WASHINGTON VA chief faulted over European trip expenses
WASHINGTON — Veterans Affairs Secretary David Shulkin improperly accepted Wimbledon tennis tickets and his staff lied that he was getting an award in order to justify his wife accompanying him at taxpayer expense on an 11-day European trip that mixed business and sightseeing, according to a blistering government investigation released Wednesday.
The 87-page report by the VA’s internal watchdog said Shulkin should reimburse the government more than $4,000 for his wife’s airfare and accused his top aide of doctoring emails to falsely represent that Shulkin was being honored in Denmark, inventing a rationale for his wife’s free travel.
“The investigation revealed serious derelictions” by Shulkin and his staff, said the report, which cited “poor judgment and/or misconduct.”
The findings are the latest in a series of controversies involving expensive or wasteful plane travel by top Trump administration officials. President Trump’s health secretary, Tom Price, resigned in September after questions arose about his use of private jets for multiple government trips.
Top lawmakers on the congressional oversight committees urged Shulkin, a former VA undersecretary of health who served in the Obama administration, to fully address the findings. They stressed in a joint statement that “whether intentional or not, misusing taxpayer dollars is unacceptable.”
Rep. Mike Coffman, R-Colo., a member of the House Veterans’ Affairs Committee, called on Shulkin to resign and said “it is time to clean house at the VA.”
In a response, Shulkin said he did nothing improper and he attacked the investigation as containing the “thread of bias.”
“A report of this nature is a direct assault on my spouse, my character, and my unblemished record of service to the Veterans Affairs Administration,” he wrote.
Shulkin said he will consult with the agency’s general counsel and reimburse the costs for his wife’s airfare and the Wimbledon tickets if advised to do so.
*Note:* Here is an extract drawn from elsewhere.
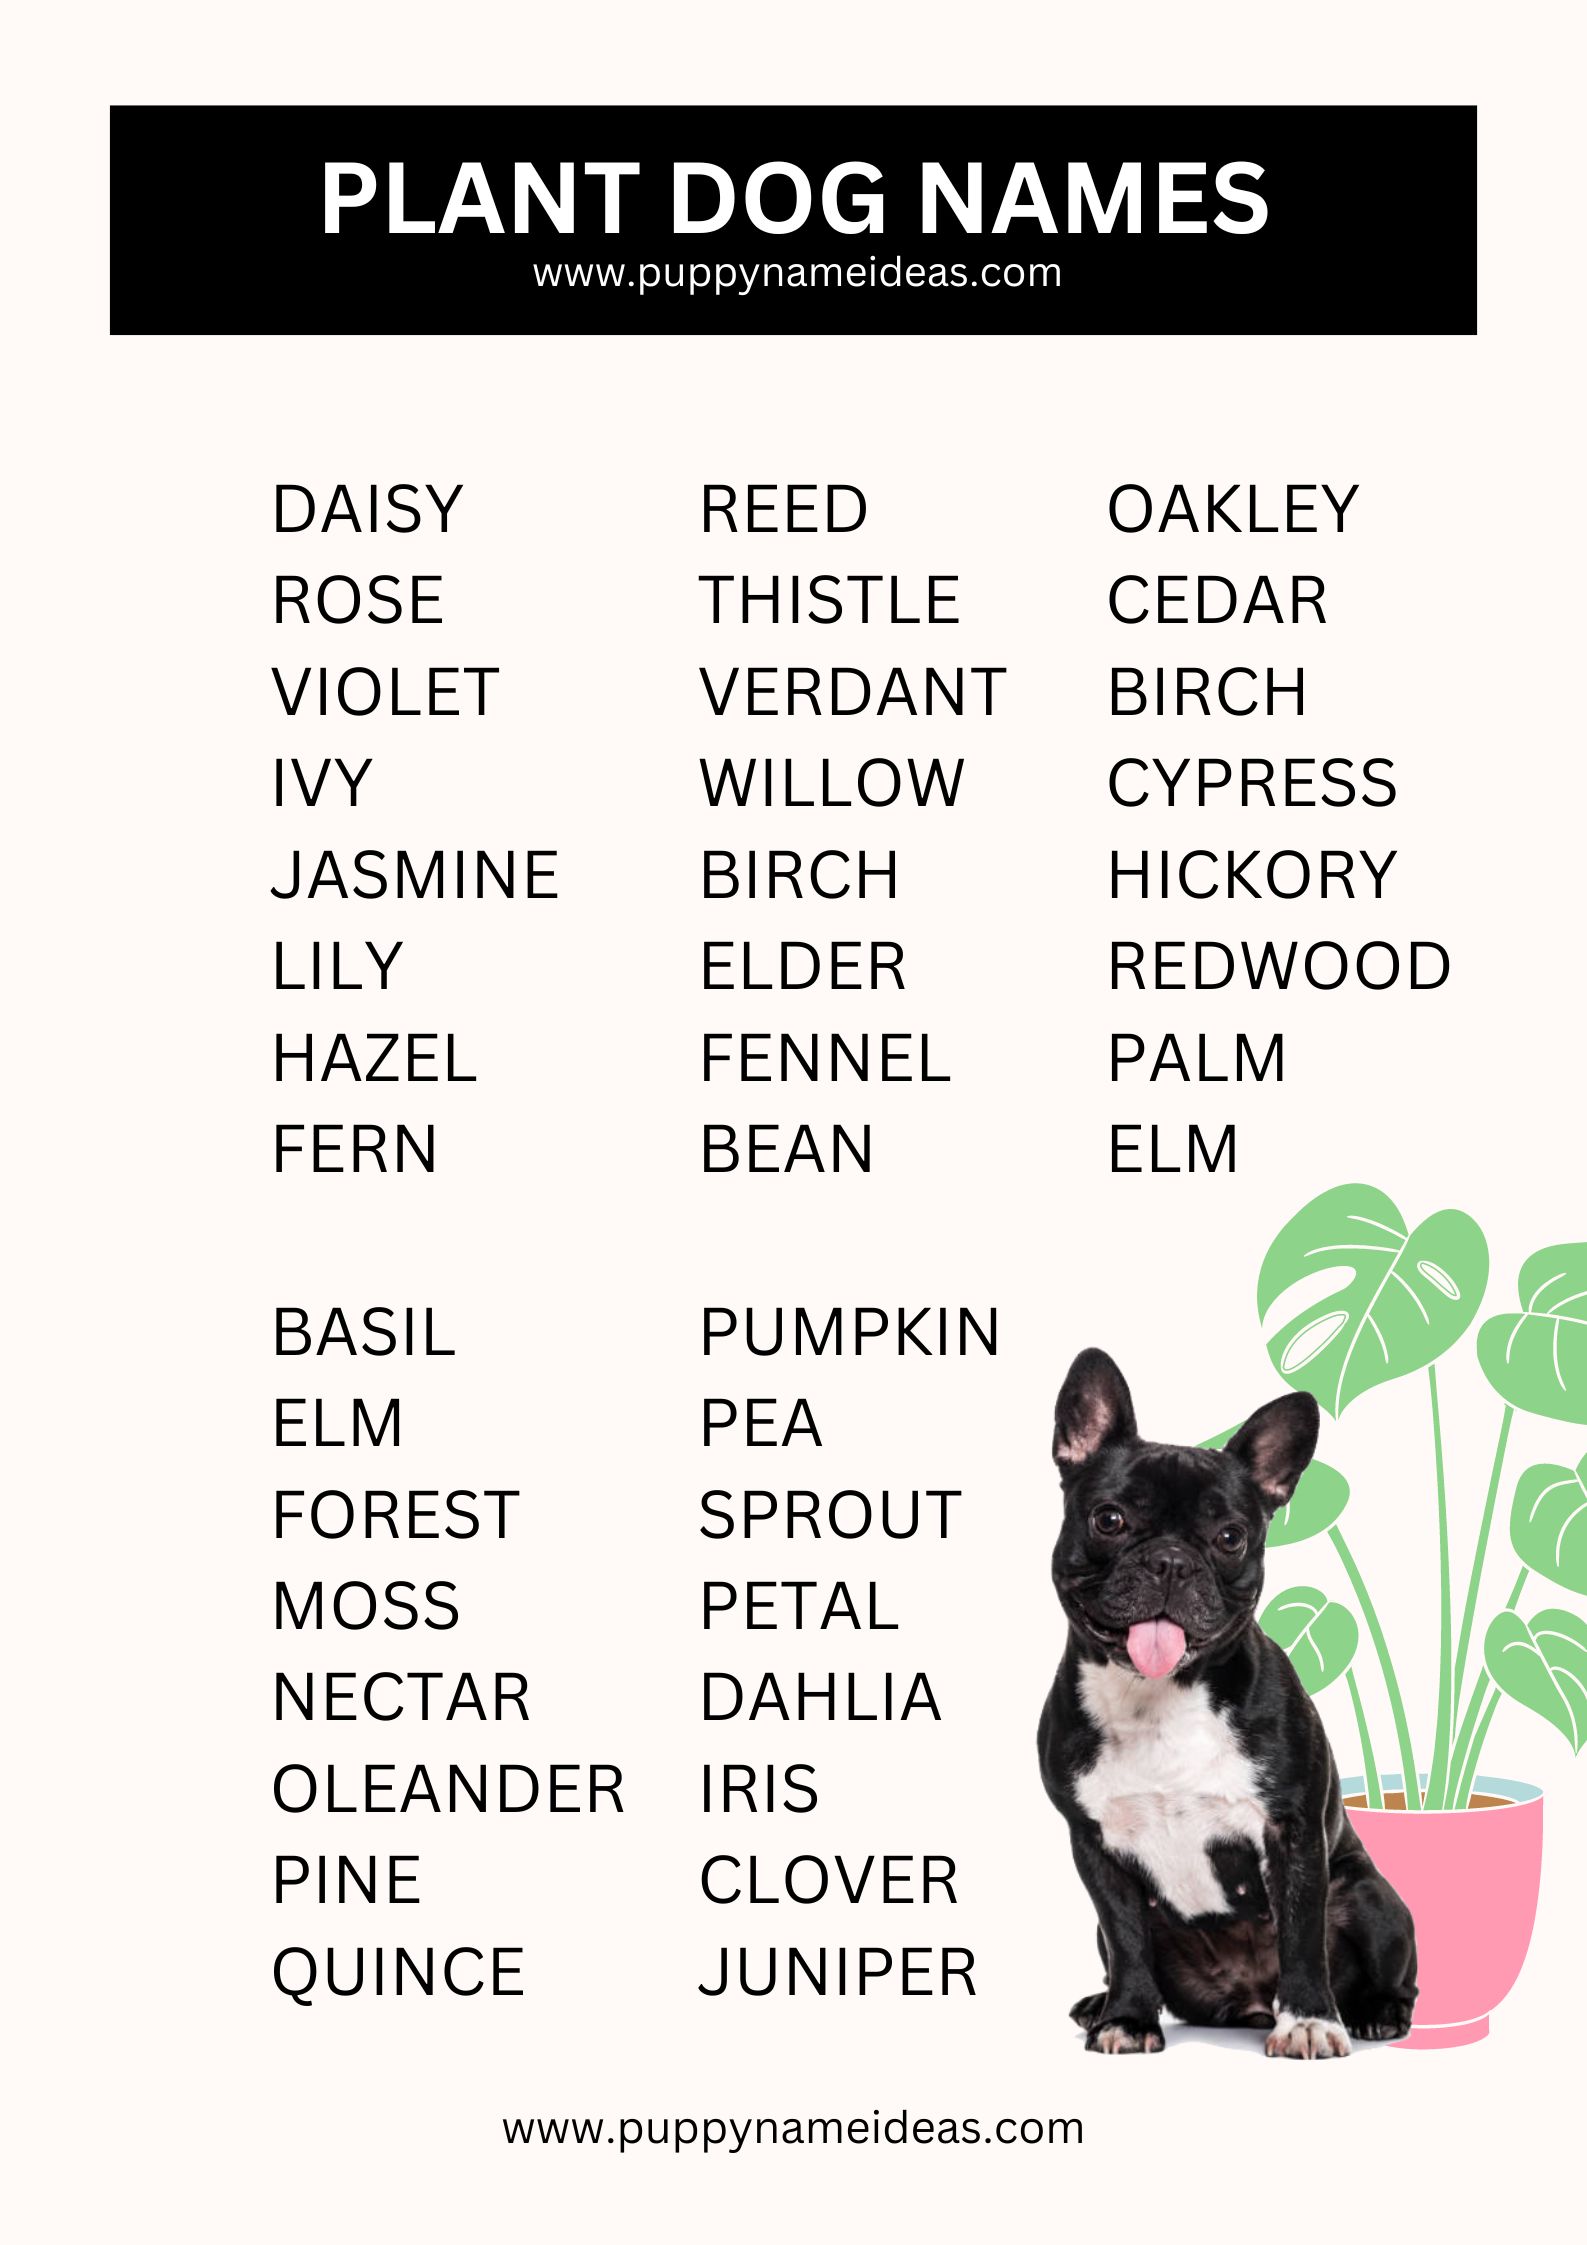 list of plant dog names

Shulkin’s overseas trip may have involved too much leisure time at taxpayers’ expense, according to the report by the VA’s inspector general, Michael Missal. It found that VA ethics officials should not have approved the commercial airfare for Shulkin’s wife, Merle Bari, and they did so only after Shulkin’s chief of staff, Vivieca Wright Simpson, altered emails to make it appear he was receiving an award to justify his wife’s traveling on the public’s dime.